▶ [Exercise inputs]
╭──

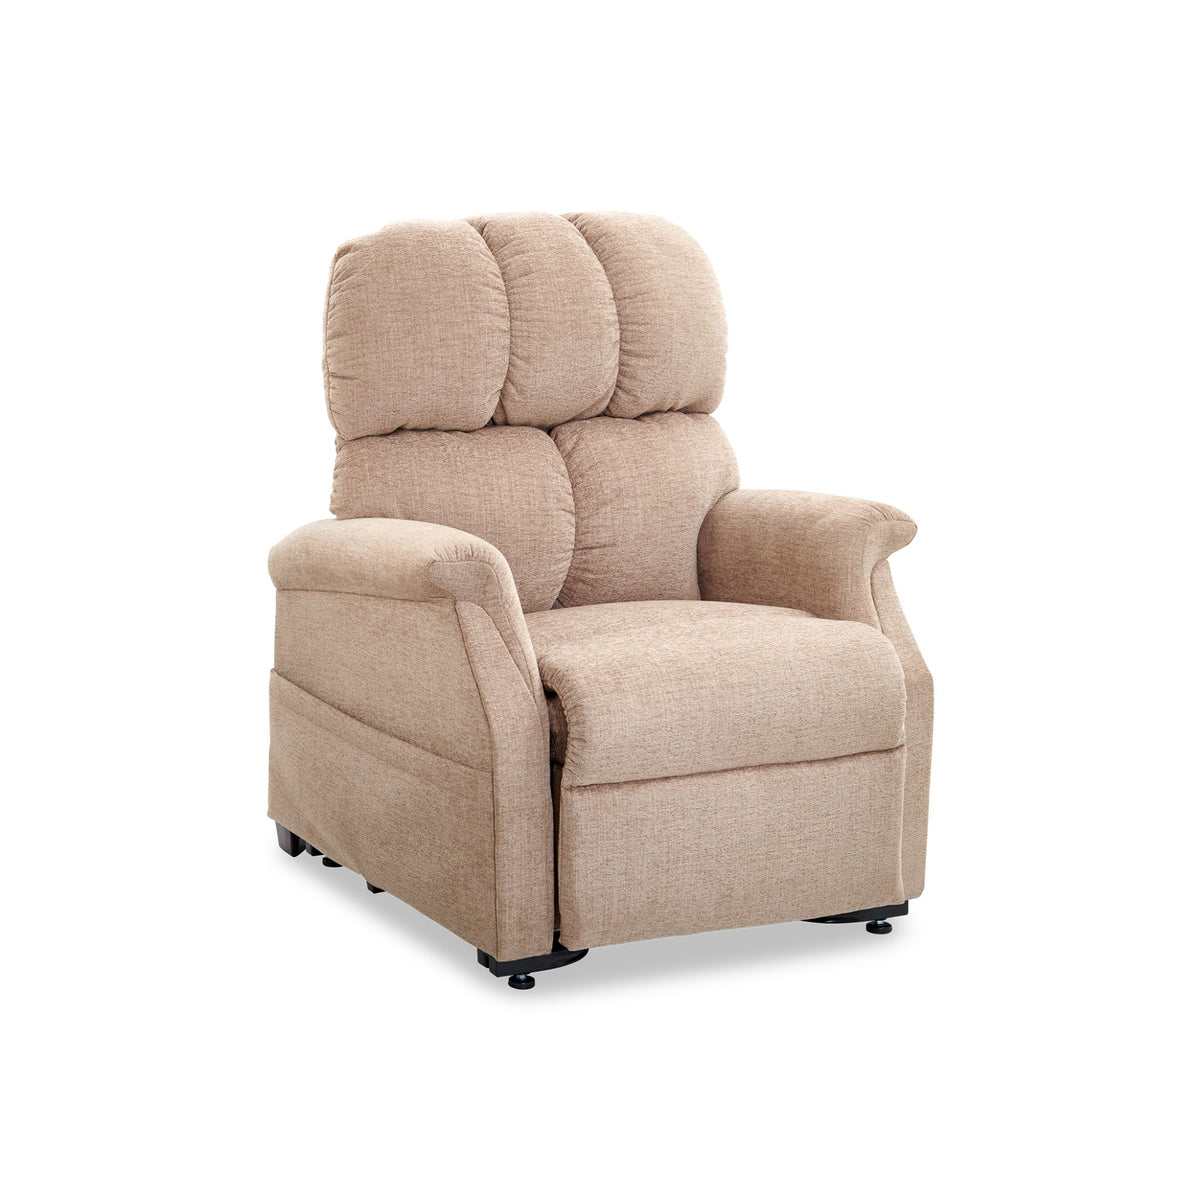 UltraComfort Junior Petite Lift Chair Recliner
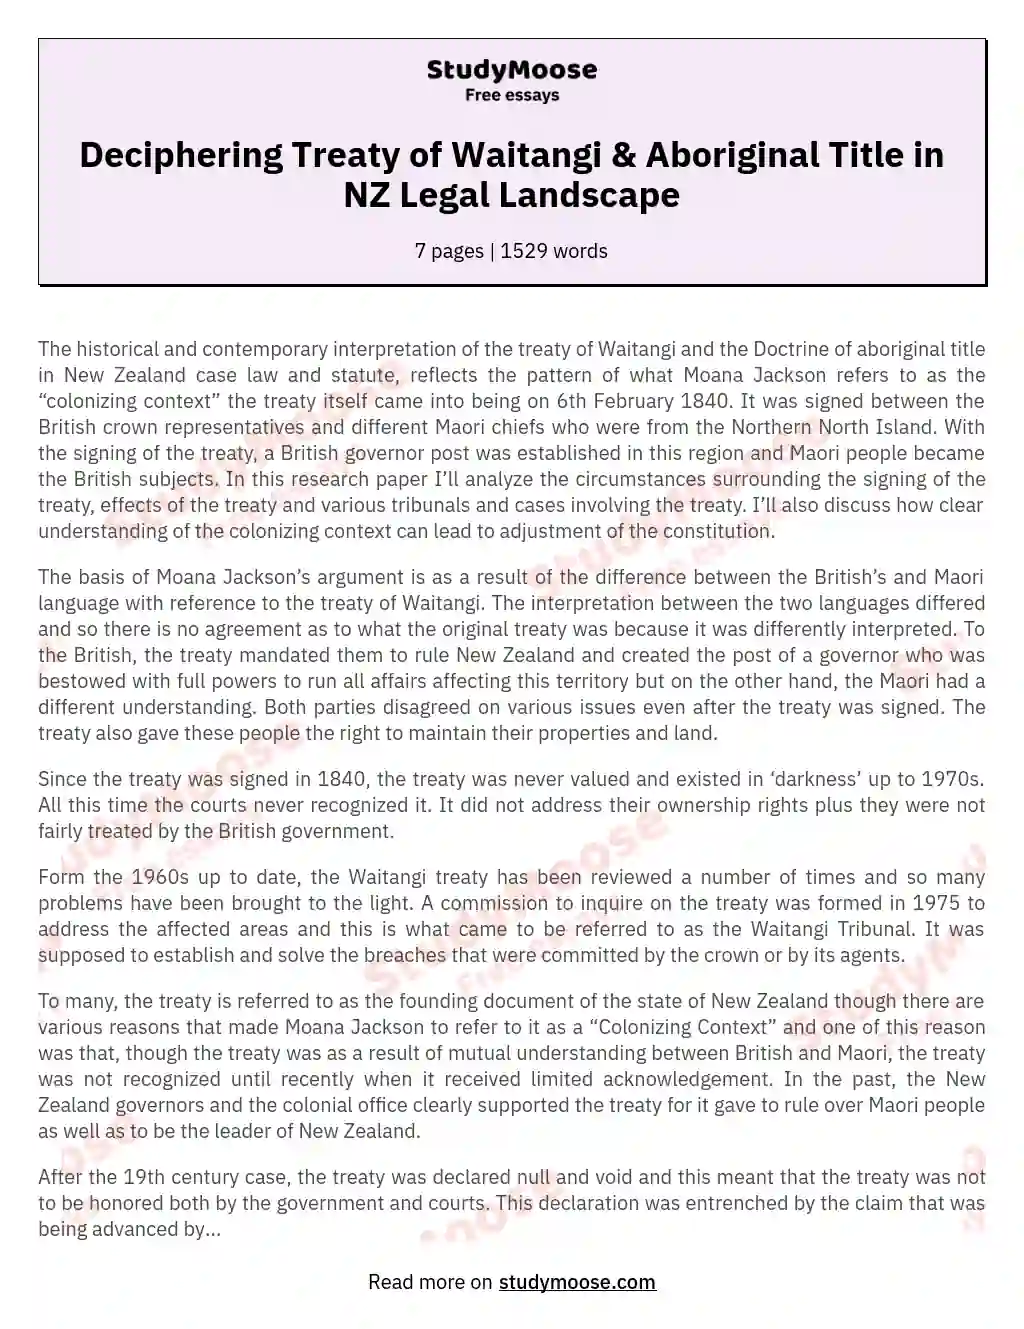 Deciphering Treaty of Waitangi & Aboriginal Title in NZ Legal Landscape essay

╰──
╭──

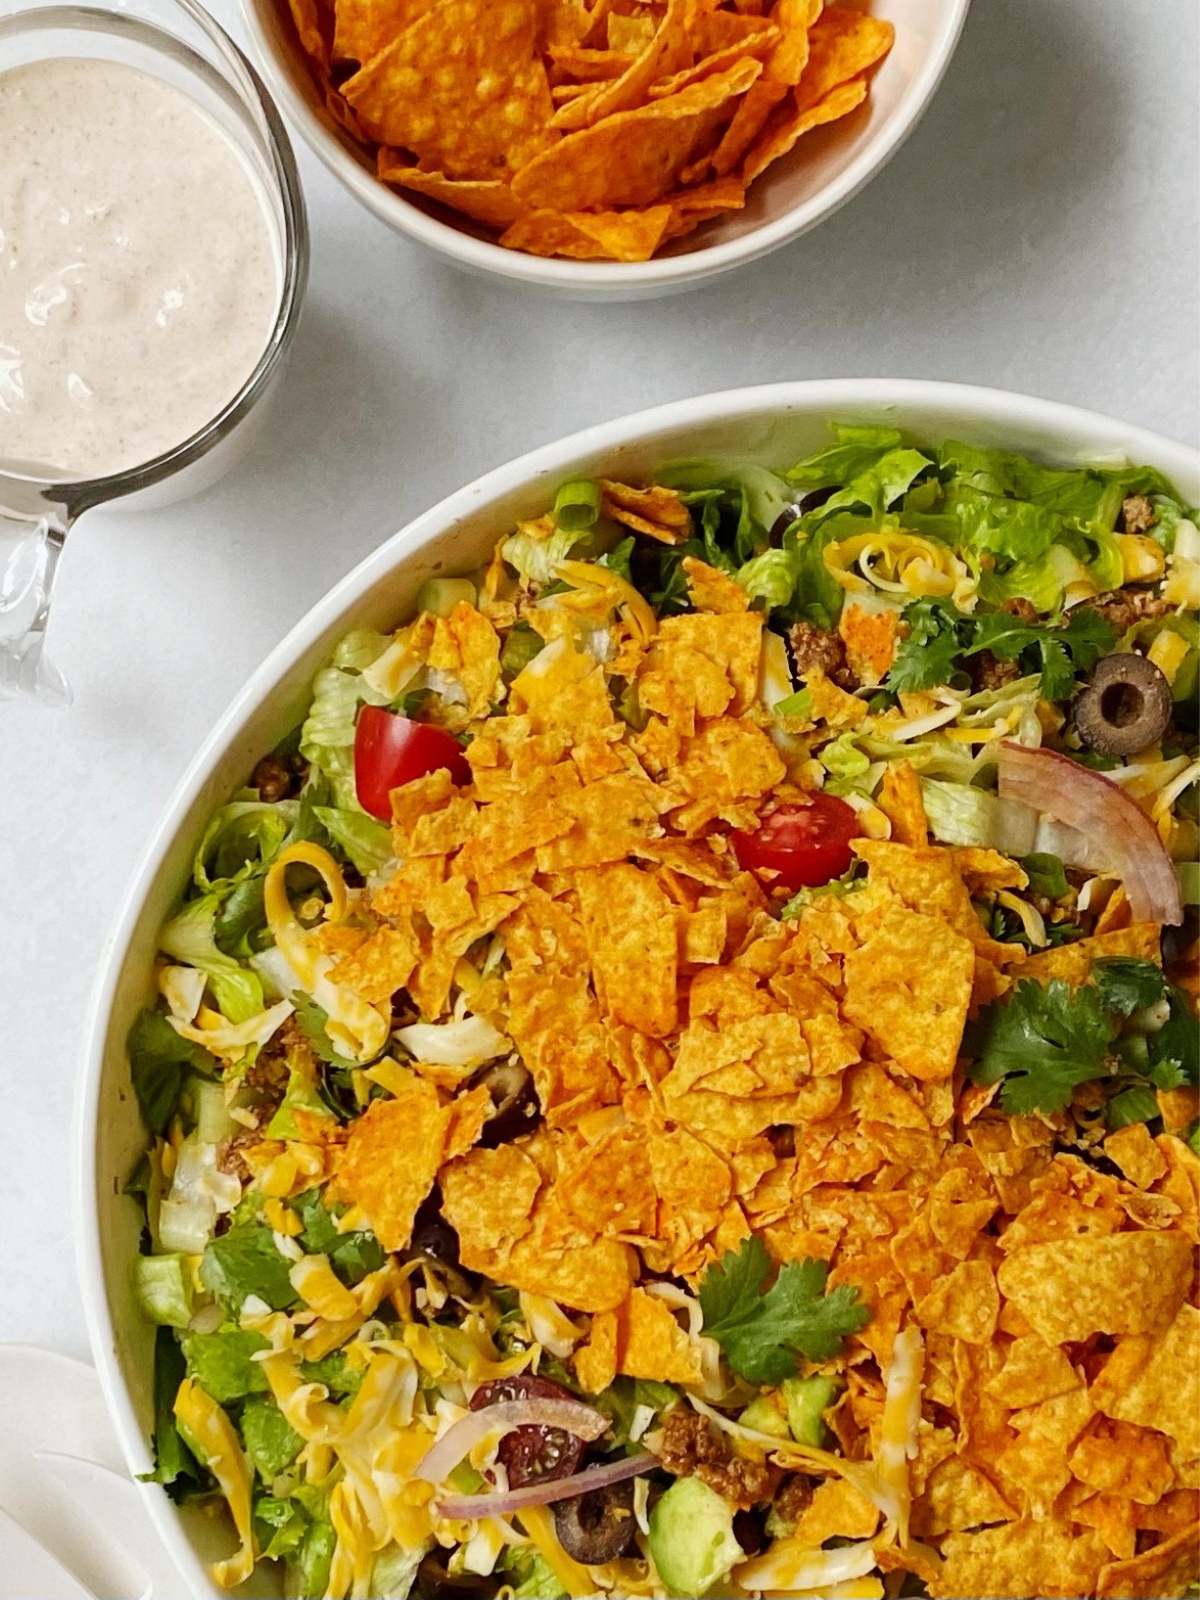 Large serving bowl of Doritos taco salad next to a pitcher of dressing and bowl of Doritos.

╰──

▶ [Task details] Working from the data above, repeat exactly, and only, the lines that begin at the line containing "UltraComfort Junior Petite" and stop after the line containing "Deciphering Treaty of"; pictures are not copied.

▶ [The answer]
 UltraComfort Junior Petite Lift Chair Recliner
 Deciphering Treaty of Waitangi & Aboriginal Title in NZ Legal Landscape essay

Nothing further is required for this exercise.